А незнакомый парень был и вовсе готов лопнуть от смеха.
Один только Полковник был серьезен – и можете себе представить, как трудно ему было сохранять пристойность при таких странных обстоятельствах. Он мечтал умереть на поле боя, но никто этого не знал, зато каждая в округе собака знала, что его убили по пьяному делу в туалете.
Вика подошел к своей машине и пнул по колесу. Что-то было не так. Шина ответила ему пружинистым отскоком, но колпак с колеса выпал и, звеня, покатился по асфальту. Все смотрели на него с ожиданием: а что дальше? Вика побежал за колпаком.
Раздался взрыв, и Вика осел на землю. В руках он сжимал ненужный теперь колпак, который спас ему жизнь.
– Мимо, – выдохнул он.
– Ты в порядке? – прозвучал голос Иван Иваныча.
Вика тряс головой и поводил плечами, судя по движению губ, он что-то говорил, но что он хотел сказать, осталось неизвестным.
Стоило посмотреть, как весело горела машина: сама собой открылась дверь, из которой никто не вышел. Казалось, вот-вот что-то произойдет.
– Неужели взорвали? – спросил Сорокин. – А я собирался на ней ехать.
– Террористы, товарищи, – сказал Вика.
– Ладно, – ответил Сорокин.
В террористов он поверить еще мог.
Вика сидел на железной оградке, идущей по периметру газона, который мог стать кладбищем, и держал в руках банку с пивом.
– Да я и сам не знаю, как это вышло, – говорил он. – Обидно до слез.
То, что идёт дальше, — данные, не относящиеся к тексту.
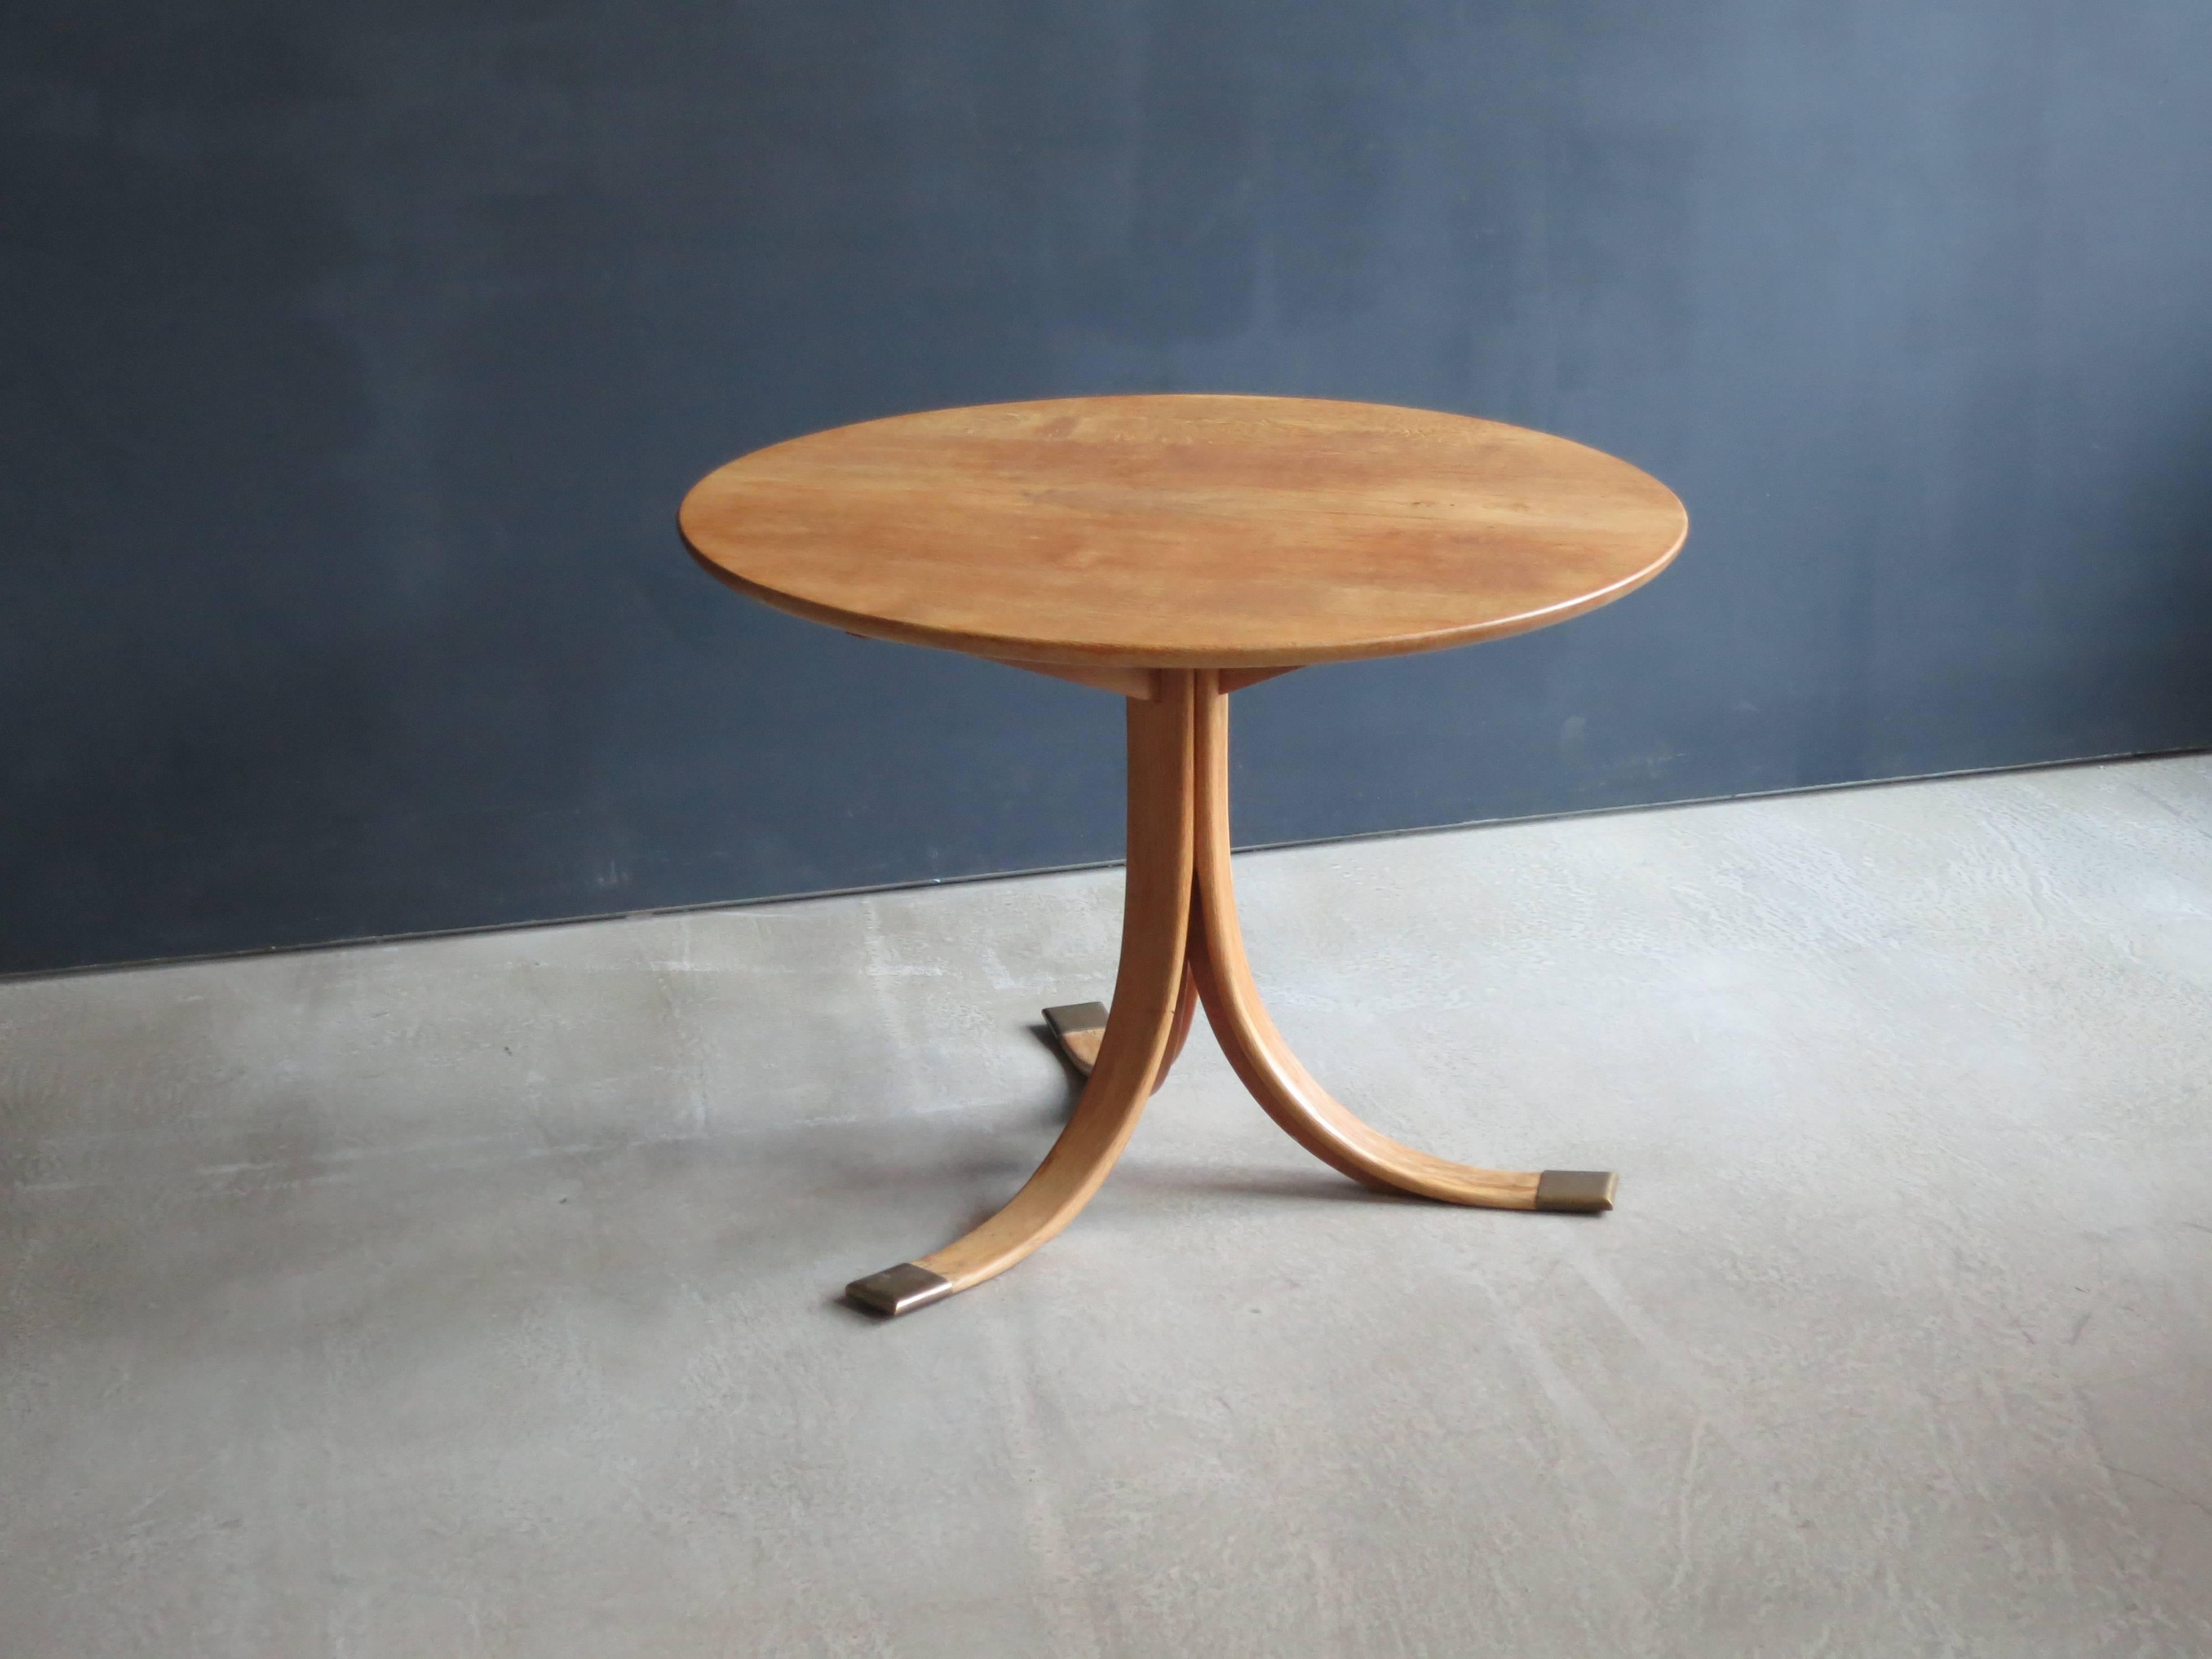 Modern in its spare simplicity, this beautifully constructed table is made of solid figured oak with patinated brass feet. It could be used as a side table for a furniture grouping or next to a bed, or as an occasional table.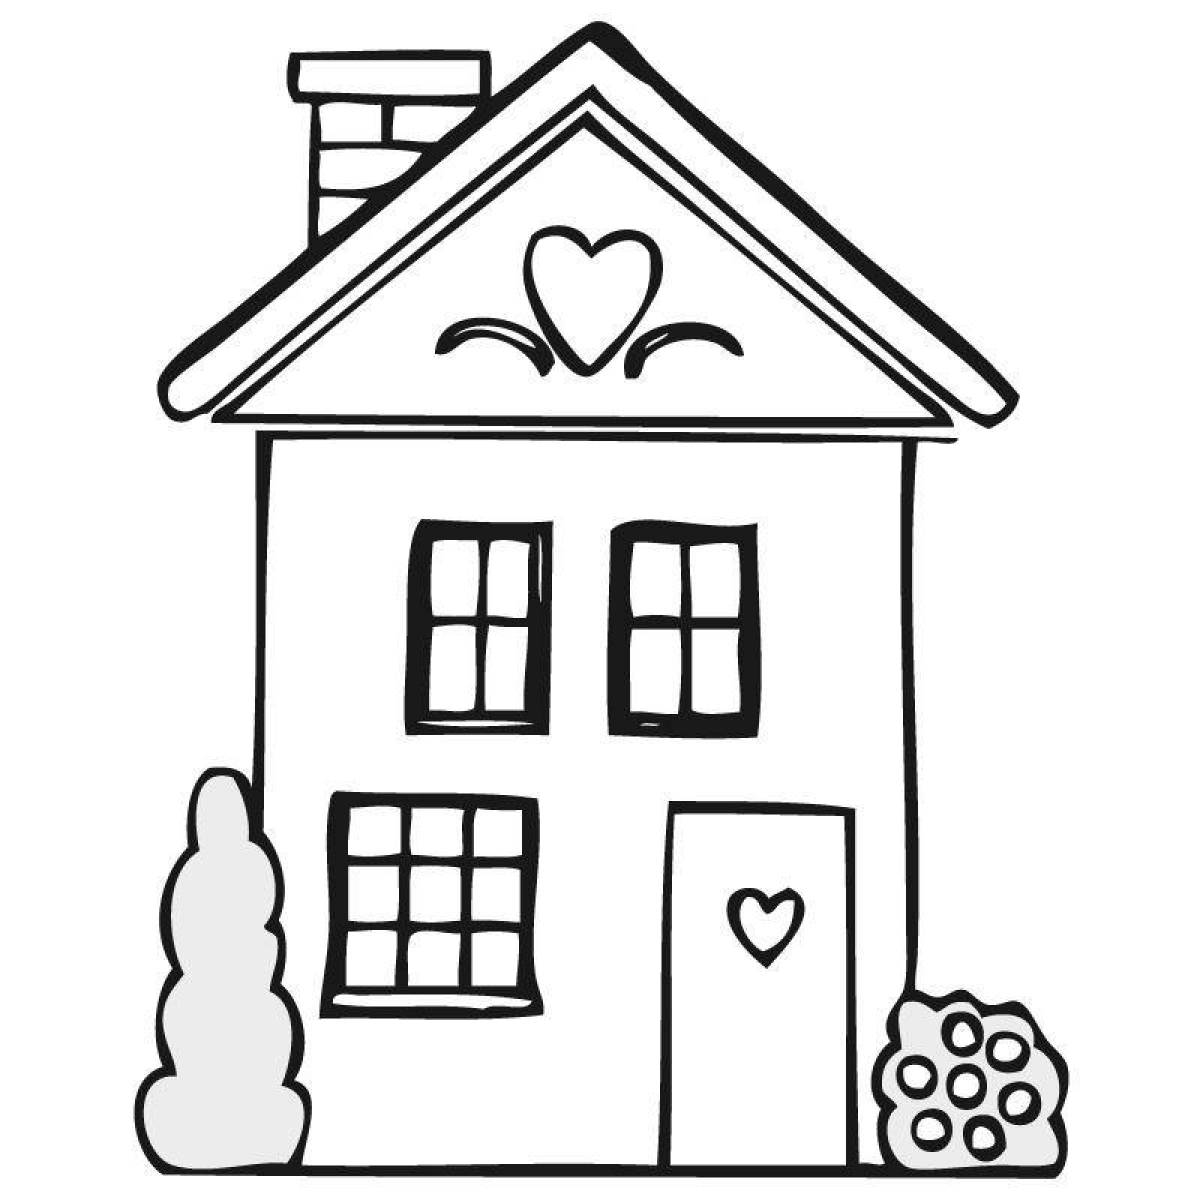 Adorable house coloring book for kids

Не потому что машины жалко, которую я любил, и вчера ей поставил запасное колесо, за которое еще не расплатился. Чепуха, конечно, мне оно почти даром досталось от Сорокина. Обидно вот что: никто не знает, за что меня хотели убить, и, боюсь, теперь никогда не узнает. Не знаем же мы вот до сих пор: кто убил Полковника?